Conversely, the oscillator period should be much larger than the MD
time step for stability of the integrator. More refined criteria for
choosing these parameters will emerge from the numerical tests described
below.

One practical benefit of implementing eABF over standard
ABF, besides doing away with geometric complexity, is estimating the
free energy gradient without needing the values of atomic forces.
In large-scale parallel applications where NAMD^{17} and LAMMPS^{18} are often used,
this removes the need to gather these atomic forces on the computing
node tasked with executing the ABF algorithm.

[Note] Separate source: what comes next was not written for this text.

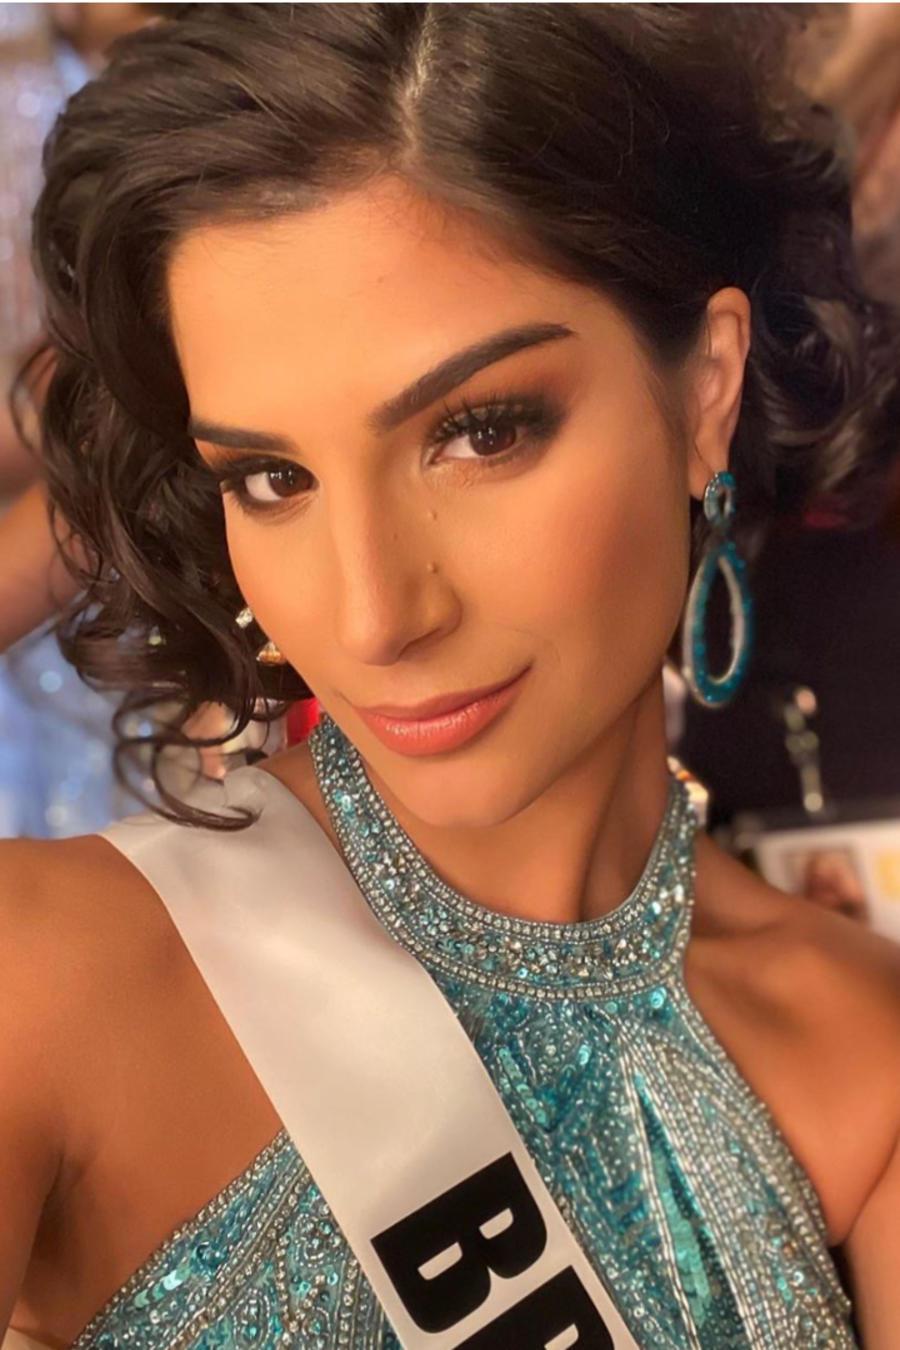 Júlia Horta, Mis Brasil 2019 y Vichitta Phonevilay, Miss Laos 2019

The decrease in interprocess
communications should yield scaling improvements when many particles
are involved in the definition of the collective variable.

We provide an implementation
of the new CZAR estimator within the Colvars Module.^{16} It is *de facto* available for any combination
of MD engine and platform supported by the Colvars, most notably,
NAMD^{17} and LAMMPS.^{18} The algorithm is lightweight and relies on two accumulators that
are updated at every time step: the *z*-conditioned
average forces *k**z*_{k} – λ_{z}, and the biased *z* marginal distribution, (*z*). These two quantities are only combined at output time,
to yield the free energy gradient estimate according to eq 22. The implementation, as with most
Colvars functionality, supports an arbitrary number of variables.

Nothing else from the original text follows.